Shocked and sad that it had to end this way
It was quite a shock for me personally to see that Bloomydays were forced to give up. Quite honestly, it simply makes me sad. Setting up a new business and changing an industry takes time. And this business model is one that needs time to fully enfold. The floristry market is highly regulated by 1-2 huge players and suppliers. In order to create the margins you need to be successful, you need to build up relationships and this takes time.
B2B sales and purchasing cycles simply take a lot of time. Closing a substantial customer can take up to 9-12 months if it is done right. I do not have the in-depth insights into Bloomydays setup, but I can imagine that this is one of the main reasons they struggled.
B2B-focussed business models need longterm backing from their investors. In the case of a flowers business, not so much to fund the COGS/Operations, but to fund the human capital that is needed to build up customer relationships and dig deep into the supply chain. The fact that Bloomydays were not able to convince their investors to continue to fund their journey just comes to show the short term focus of investors today.
Either your startup manages to disrupt an industry within 3-4 years, or you are out. I wished investors would try to understand the industry dynamics more before taking decisions such as these. I can only speak from my own personal experience, but I feel that many investors are too far away from their portfolio companies. They do not really make the effort to guide, support and help their investments go the extra mile.
What does this mean for us at MIFLORA
At MIFLORA we have been very blessed with the strong team that is behind the team. Tobias Mazet and the Venture Stars team have done a great job so far at communicating with our backers and proactively involving them in our progress and developments. I sincerely hope that this will help us go the extra mile.
The flowers business is incredibly hard work.
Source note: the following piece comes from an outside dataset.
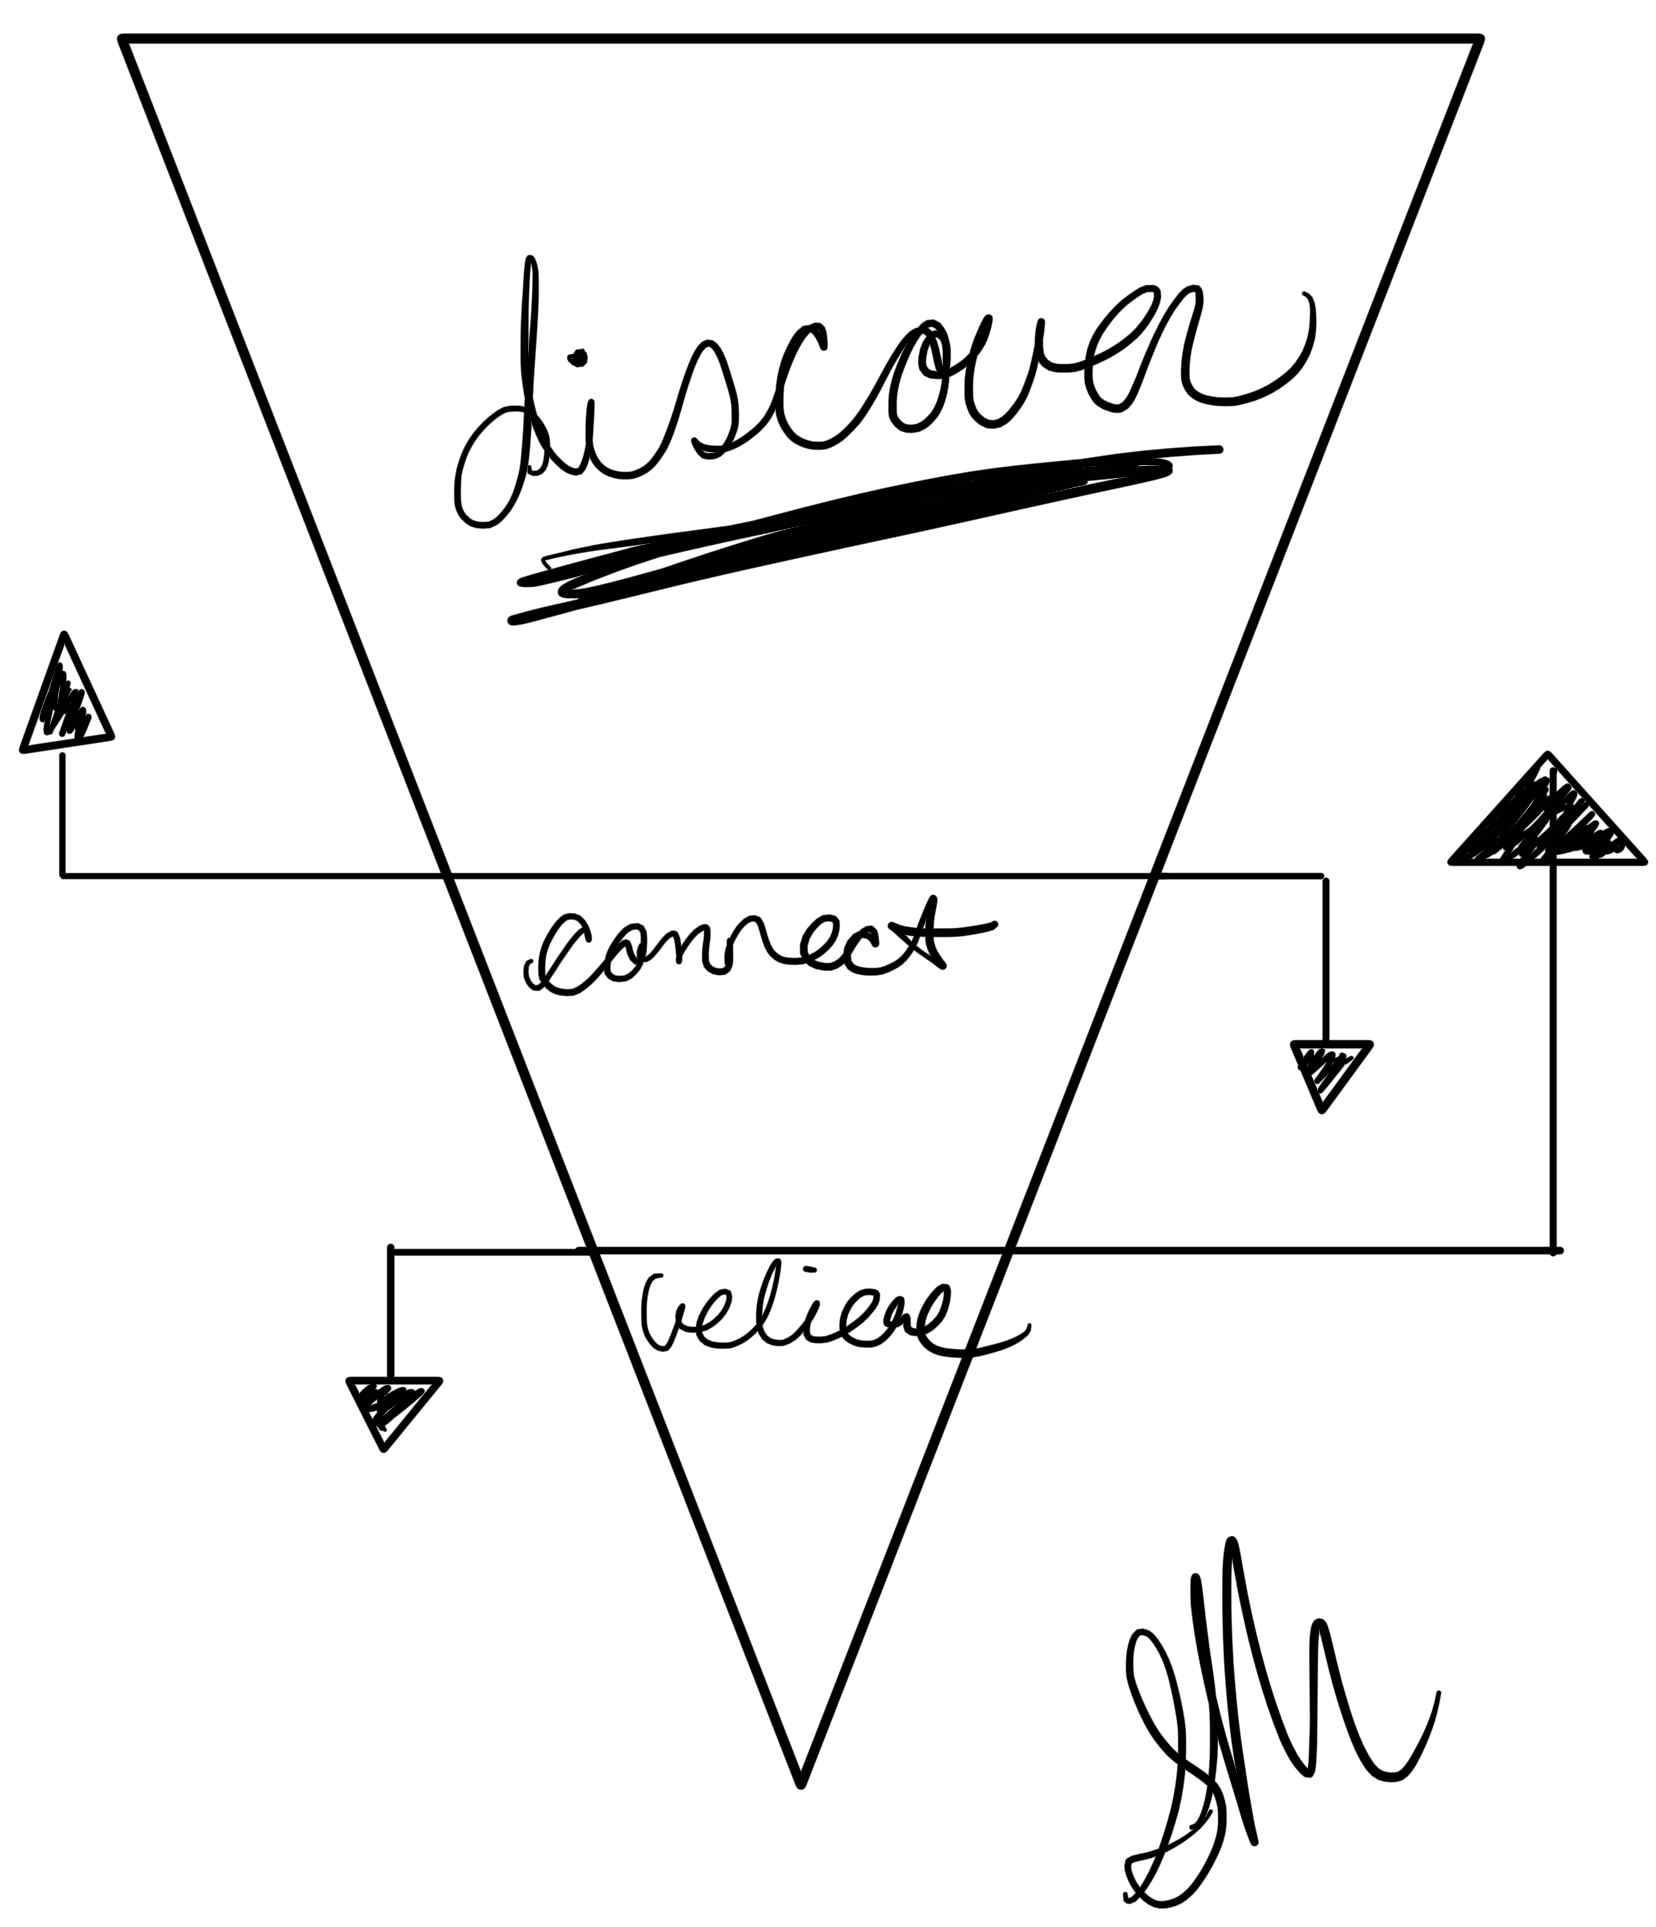 A sloppy but enthusiastic drawing of an inverted pyramid with Discover at the top, connect in the middle, believe at the bottom. There are exit arrows in the middle, illustrating how people leave this journey.

Sourcing, logistics, working with fresh goods that go bad within days (!) and low interaction rates with the receiving end consumer make it a very challenging business to be in. However it can also be gratifying to work with such a beautiful product that makes so many people smile.
I don’t really know what this will mean for us at this point. I can only hope that we will continue to get the fantastic support and backing of our investors. Their support for the team has been grand so far. I know that we can only continue to work hard. We need to communicate openly and a lot with all stakeholders and give it our all.
Although I am not operationally involved with the team anymore, I know that Tobias and the full team behind him are giving it their absolute all.
I had wished for the Bloomydays success story to continue. And I am truly sad that it has ended this way. I wish the full Bloomydays team a lot of strength and luck for the future.